**Brief**
Repeat the listing word for word, but skip any pictures.

**Raw data**
- - - -
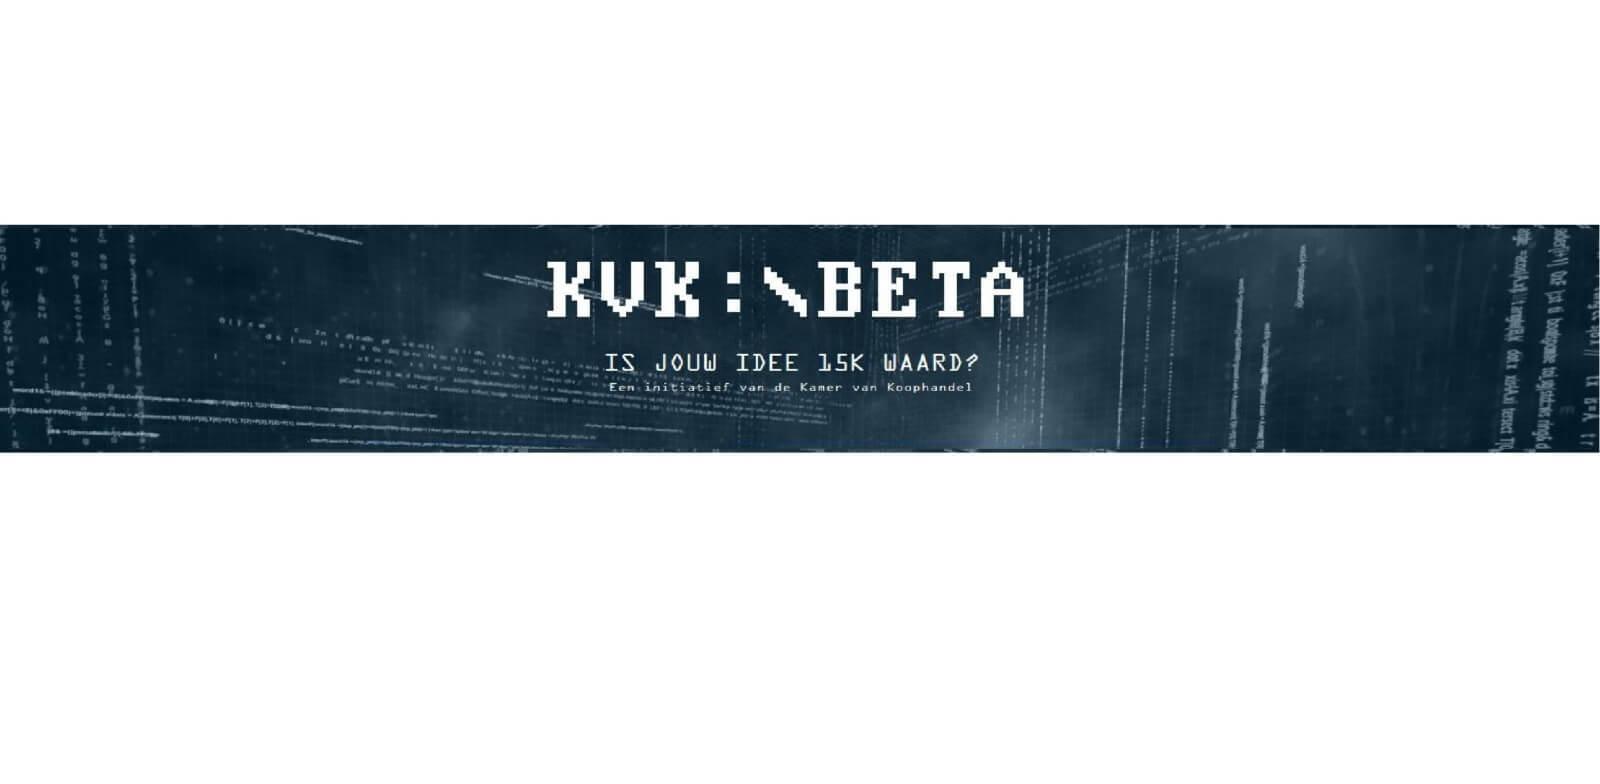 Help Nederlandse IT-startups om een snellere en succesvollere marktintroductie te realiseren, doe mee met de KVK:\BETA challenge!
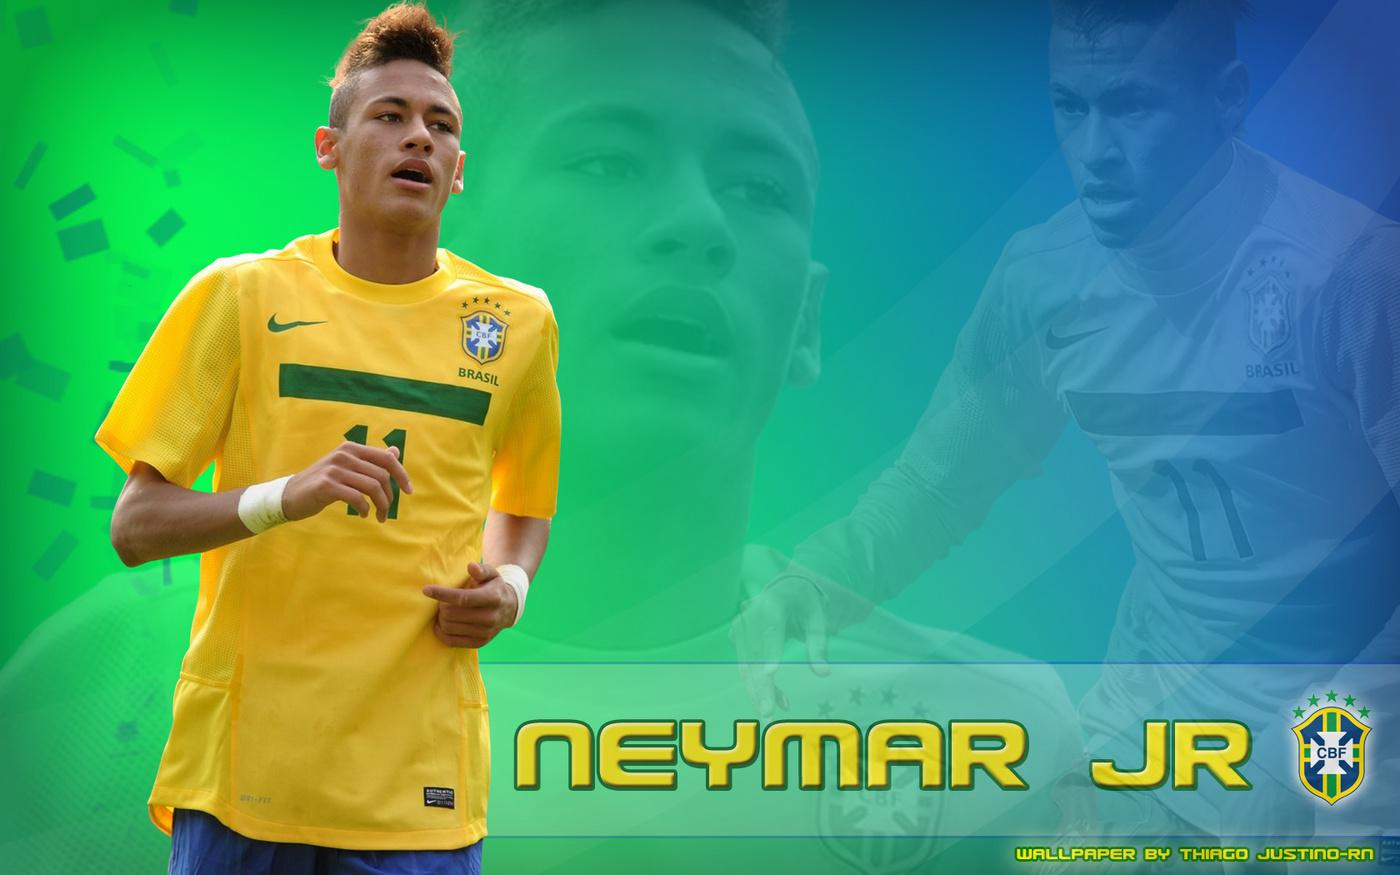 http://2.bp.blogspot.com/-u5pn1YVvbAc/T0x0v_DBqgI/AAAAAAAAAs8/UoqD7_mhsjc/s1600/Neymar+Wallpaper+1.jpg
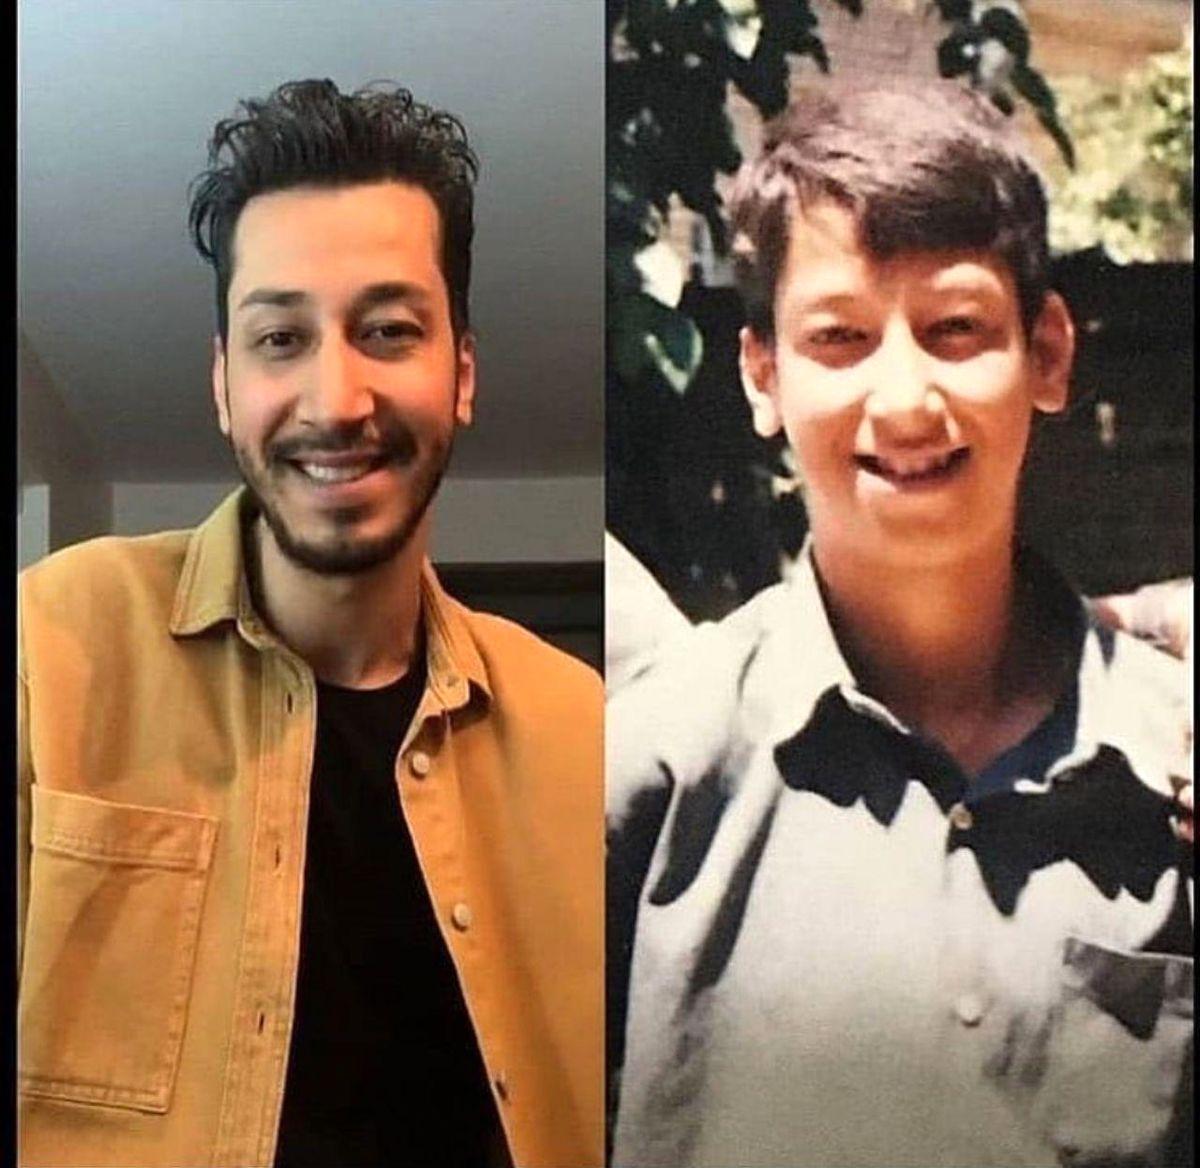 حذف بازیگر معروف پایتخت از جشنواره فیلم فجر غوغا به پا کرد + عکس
- - - -
**Task result**
 Help Nederlandse IT-startups om een snellere en succesvollere marktintroductie te realiseren, doe mee met de KVK:\BETA challenge!
 http://2.bp.blogspot.com/-u5pn1YVvbAc/T0x0v_DBqgI/AAAAAAAAAs8/UoqD7_mhsjc/s1600/Neymar+Wallpaper+1.jpg
 حذف بازیگر معروف پایتخت از جشنواره فیلم فجر غوغا به پا کرد + عکس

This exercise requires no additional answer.